Enlightened Design

I enjoyed “California Dreamin'” (see WAW — Feb. '06, pp.36) very much, especially the designers' justification of the state's light qualities. It's a pity Henry Moore, Jean Arp, Brancussi and Rodin couldn't immigrate to California. Maybe they would have made great sculpture.

The same goes for the 15th century Flemish painters and the poor designers in Detroit who penned the Firebird III, '65 Oldsmobile Toronado, '61 Lincoln and '04 ME 412, or the poor sods in Torino, who designed the '69 Alfa P3, and all the other great designers from that gloomy city, as they would have done better work there.

In the end, it is talent that counts, and so far nothing has come out of California to match the above-mentioned work. An example is the Honda Element, which was designed in California for the youth market. The last I heard, the average age of Element buyers was well over 50.

By the way, no one mentioned “June Gloom” when the California light is as flat as a pancake or the fact summer temperatures are so hot you can't take a clay model outdoors to benefit from the natural light. A fun place to live it may be, however, empirical observations suggest it doesn't ensure great creative design.
Carl L. Olsen
Detroit, MI
Professor Emeritus
College for Creative Studies

If I Were King

I continue to be perplexed by the addition of small displacement engines in the market. These engines may be high- tech, but to get them to perform they must be turbocharged or supercharged. I believe American manufacturers should move away from small engines with forced induction. They are potentially less reliable and a higher risk for maintenance costs. And they don't get great gas mileage.

If I were the king at any of our struggling domestic auto makers, I would make three engine packages, all of them naturally aspirated. I would have a 3.3L in-line 4-cyl., a 5L V-6 and a 6.6L V-8. They would come standard with aluminum blocks and aluminum heads with SOHC valvetrains. As an option, DOHC heads would be available.

Much of the tooling would be the same for each engine package, and they would get great mileage because they would be big enough to keep from laboring, unlike smaller engines. These engines would perform better and would be more reliable.
Bill Hodgin
Lewisburg, OH

Strong Design, Not

While I usually agree with Drew Winter, I simply am not buying his assessment of BMW's recent designs (see WAW — Feb.'06, p.5). I've tried to warm up to the 5-series, but to my eyes, it only succeeds in making the 7-Series seem somewhat attractive.

Toyota's sales are up as well, but that certainly cannot be attributed to Toyota being a design powerhouse.
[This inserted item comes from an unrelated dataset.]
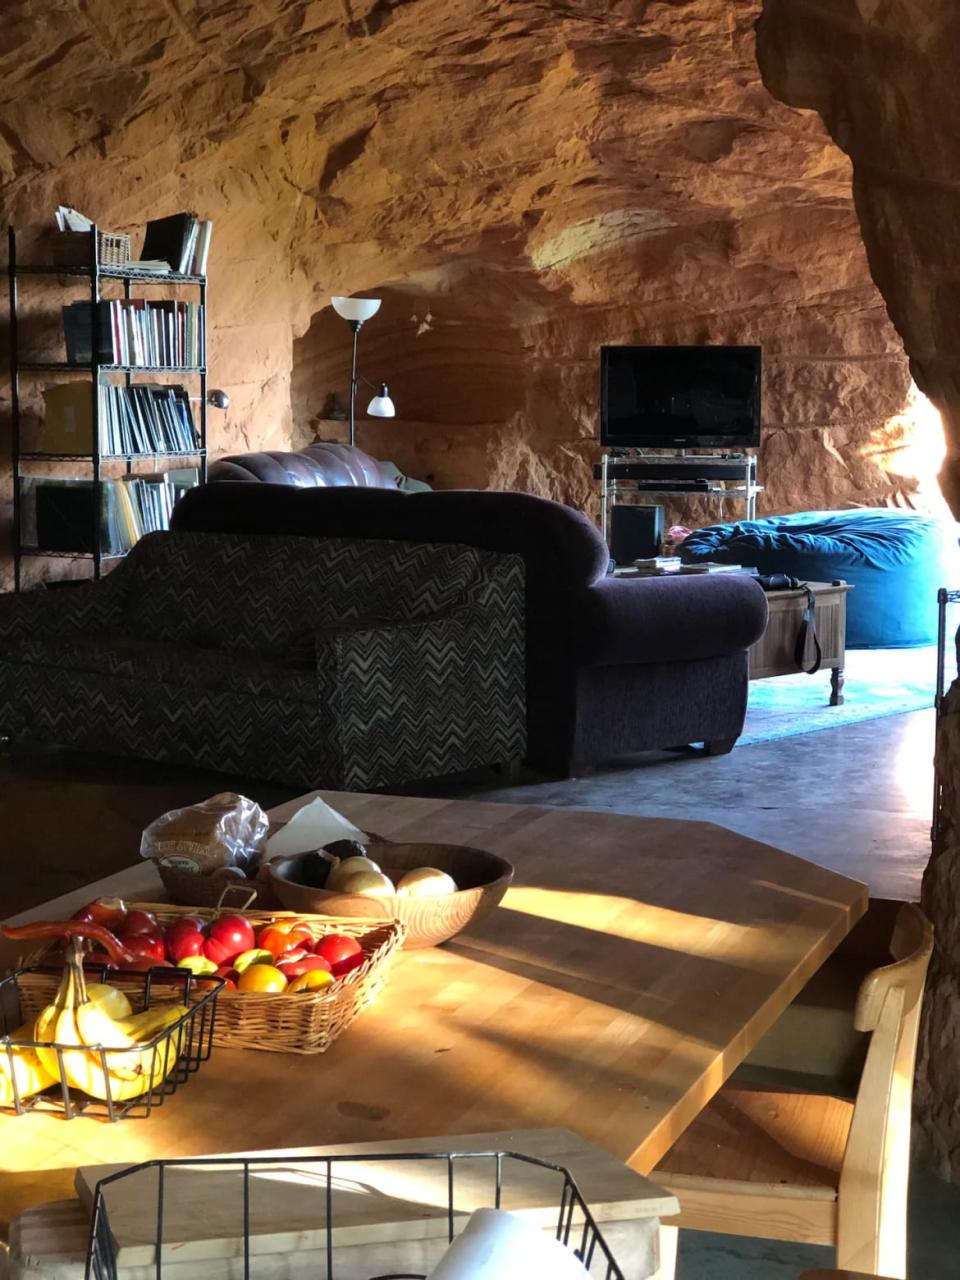 <div class="inline-image__credit">Courtesy Airbnb</div>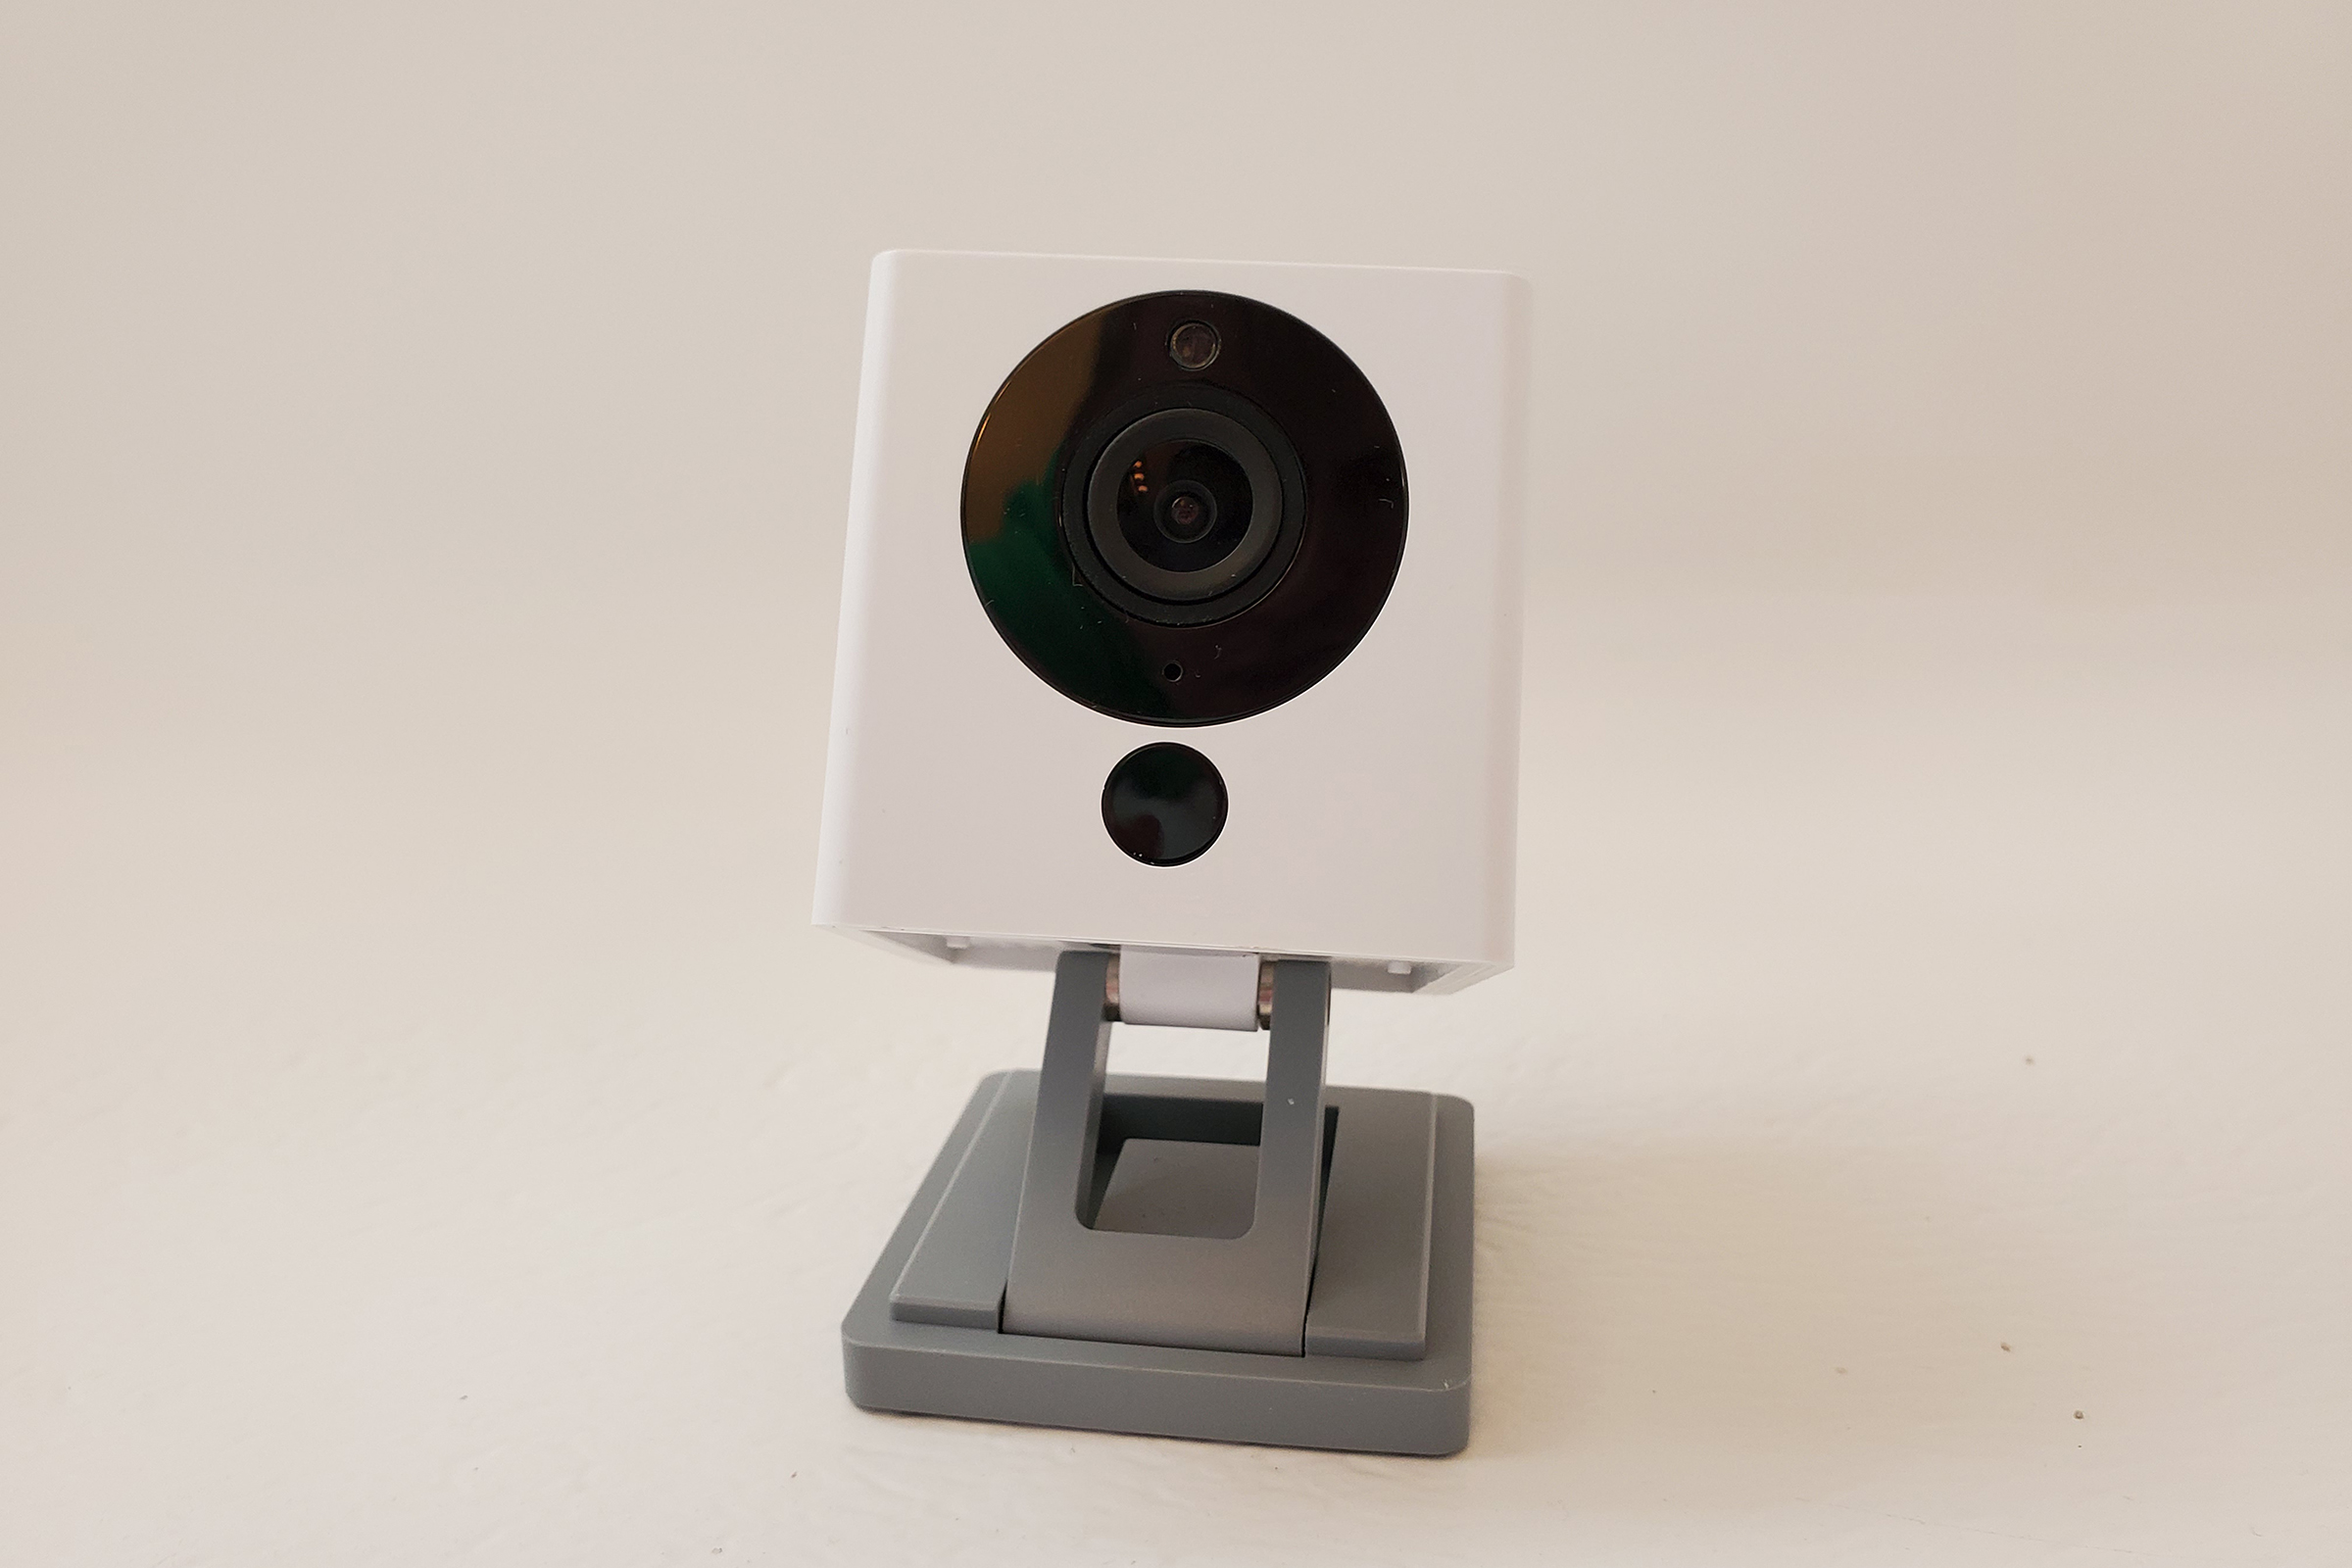 Wyze Cam smart home security camera. (Smith Collection/Getty Images)

Did the previous generation Camry sell because it was such a beautiful design? BMW's sales are up, but those folks are buying into the dynamics they offer, or, sadly, more often than not, the cachet that accompanies the BMW badging.
Robert Wantin
Newport Beach, CA

Hybrid Numbers Not Hype

I just read Keith Gerlach's letter (see WAW — March '06, p.4), in which he criticizes the article, “Unplugging the Hybrid Hype” (see WAW — Jan.'06, p.32). I would like to show my support for the article.

Mr. Gerlach says hybrids “will be better all of the time” in comparison with conventional powertrains. My recent experiences demonstrate this is not true.

I have been traveling a lot between Ohio and Michigan recently and usually use a company fleet vehicle. I have made the exact same trip on three occasions. The first was in a Toyota Highlander Hybrid. It got 20 mpg (11.7 L/100 km). The second trip was in a Chevrolet Monte Carlo. It got 24 mpg (9.7 L/100 km). The most recent trip was in a Hemi-powered Chrysler 300C. It got 22 mpg (10.6 L/100 km).

These numbers are not hype. These are my real-world experiences.